TASK DESCRIPTION: The exact lines of the listing, from its first through the line that contains "Assassin's Creed I", are to make up the answer, and pictures are to be left out.

STUDY MATERIAL:
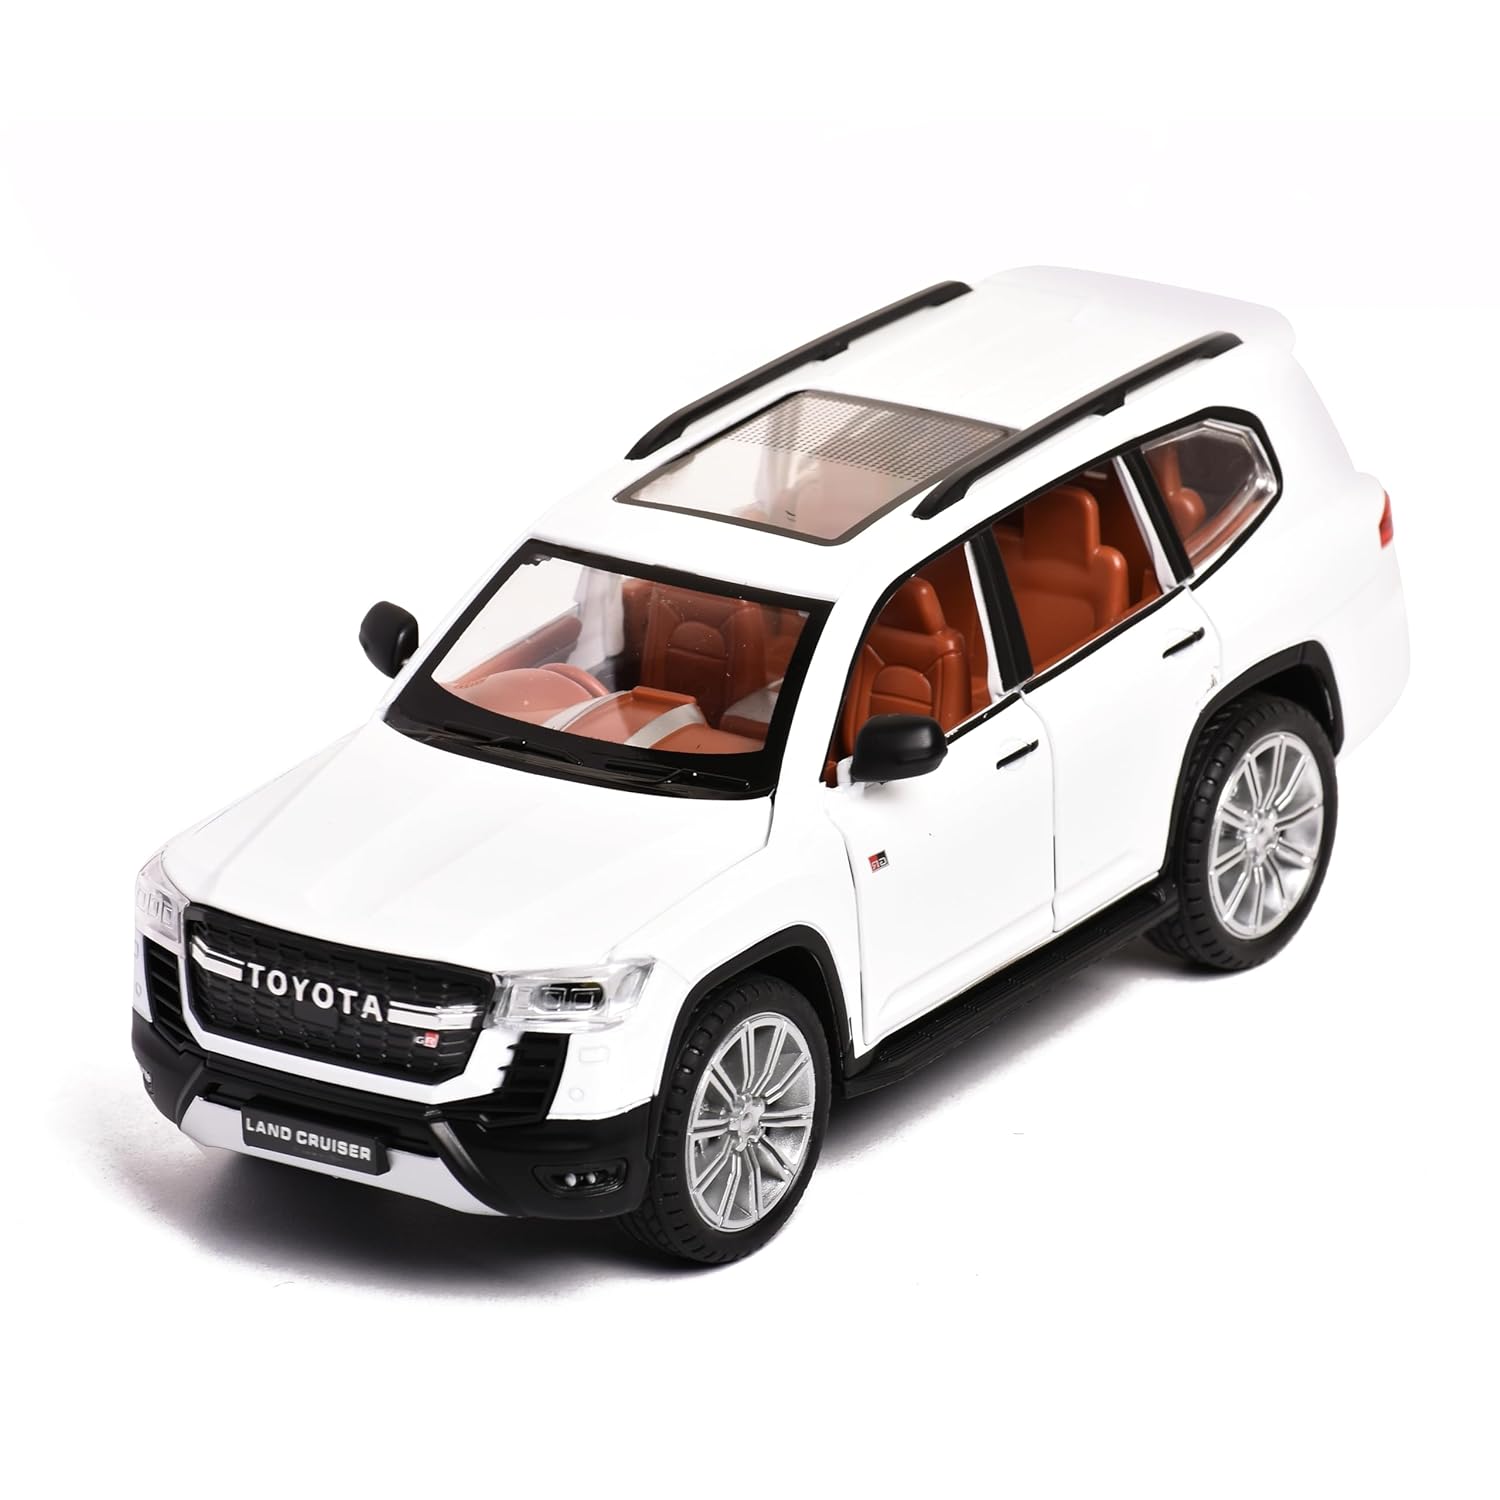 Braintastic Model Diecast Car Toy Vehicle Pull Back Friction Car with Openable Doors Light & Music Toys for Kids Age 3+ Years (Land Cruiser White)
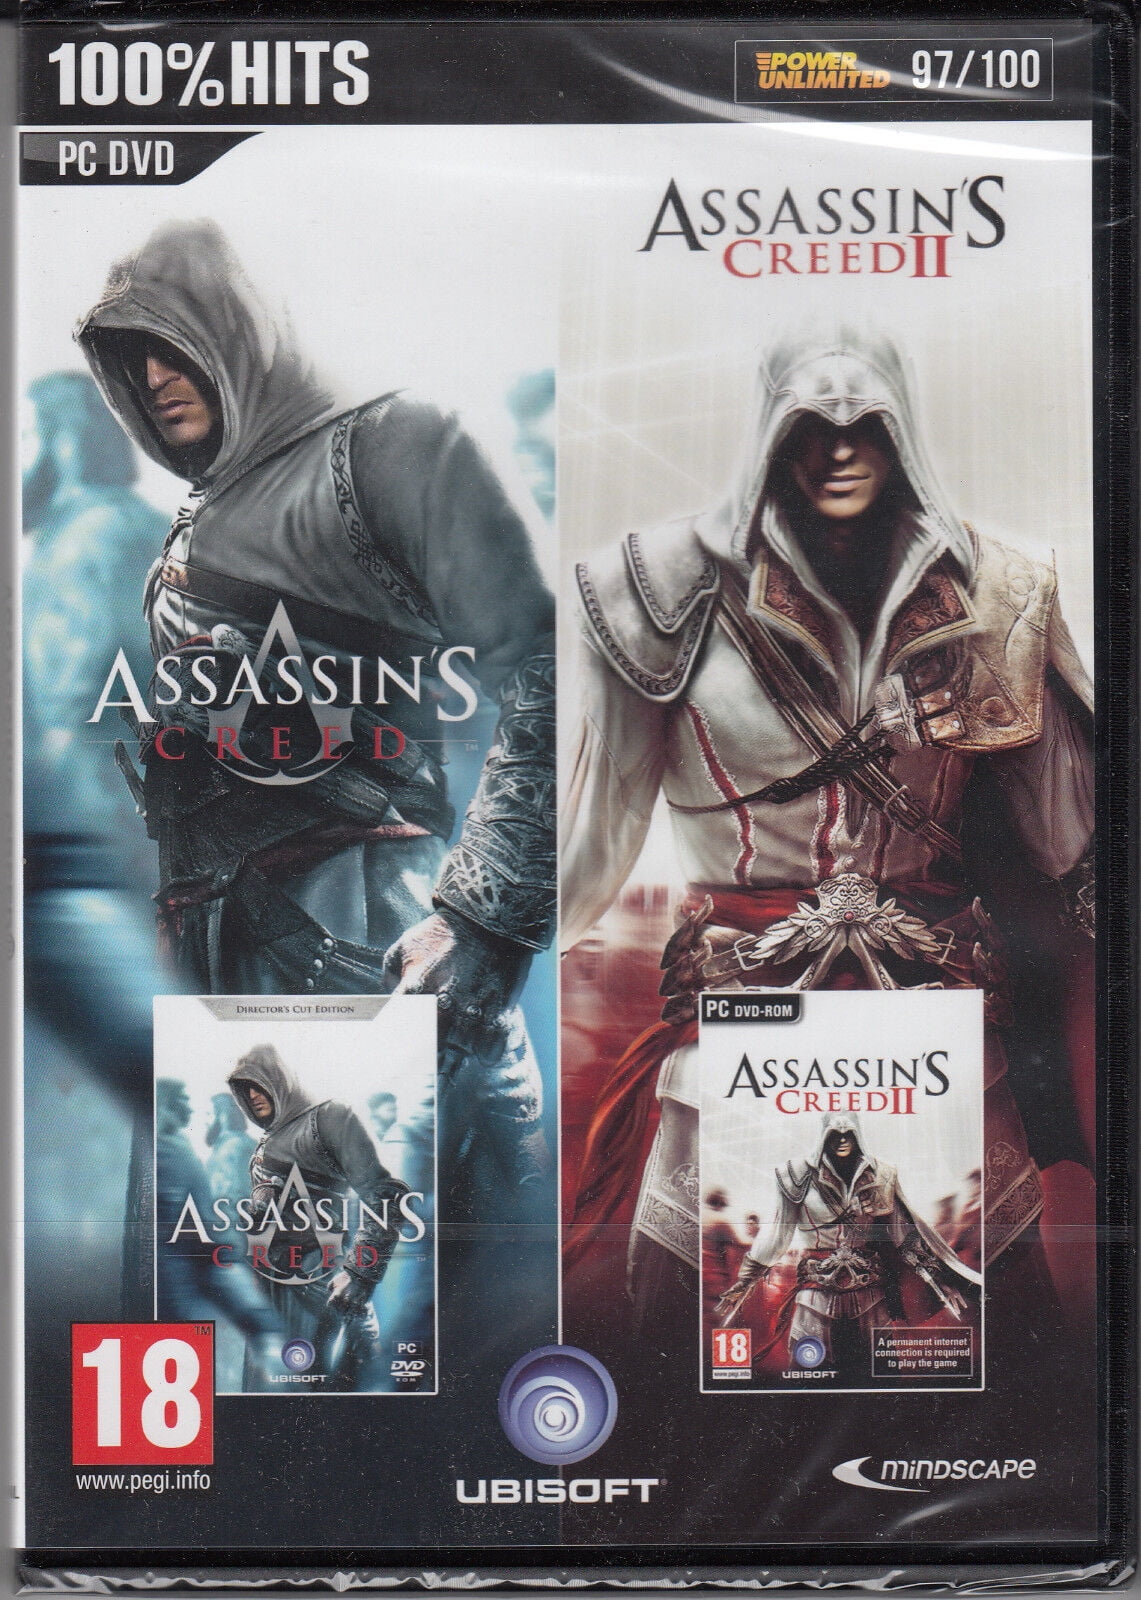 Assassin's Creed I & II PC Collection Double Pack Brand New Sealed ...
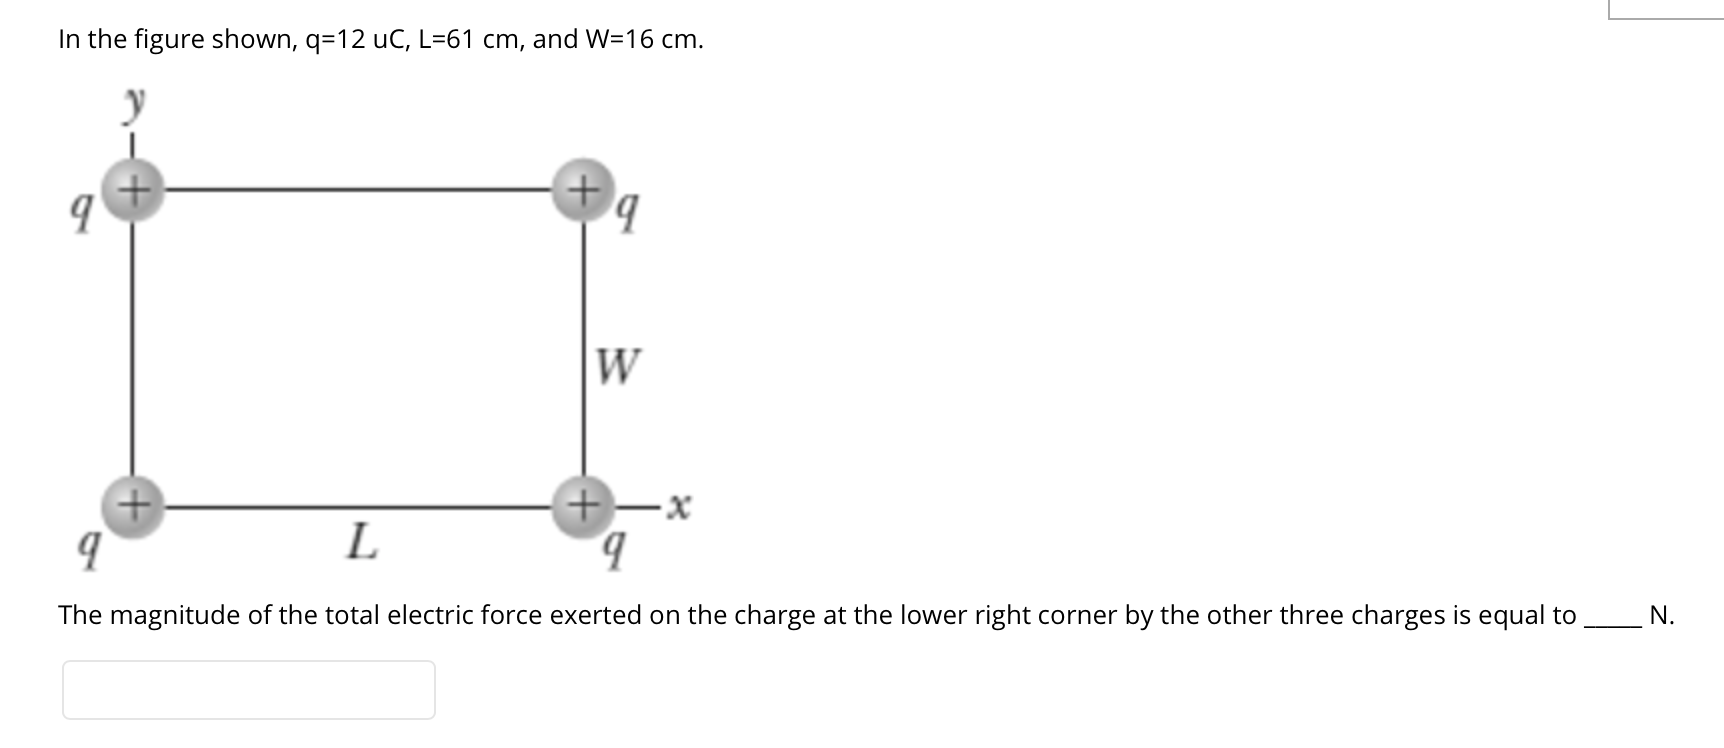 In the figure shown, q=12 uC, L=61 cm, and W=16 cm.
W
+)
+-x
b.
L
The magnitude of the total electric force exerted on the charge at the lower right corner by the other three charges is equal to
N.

TASK RESPONSE:
 Braintastic Model Diecast Car Toy Vehicle Pull Back Friction Car with Openable Doors Light & Music Toys for Kids Age 3+ Years (Land Cruiser White)
 Assassin's Creed I & II PC Collection Double Pack Brand New Sealed ...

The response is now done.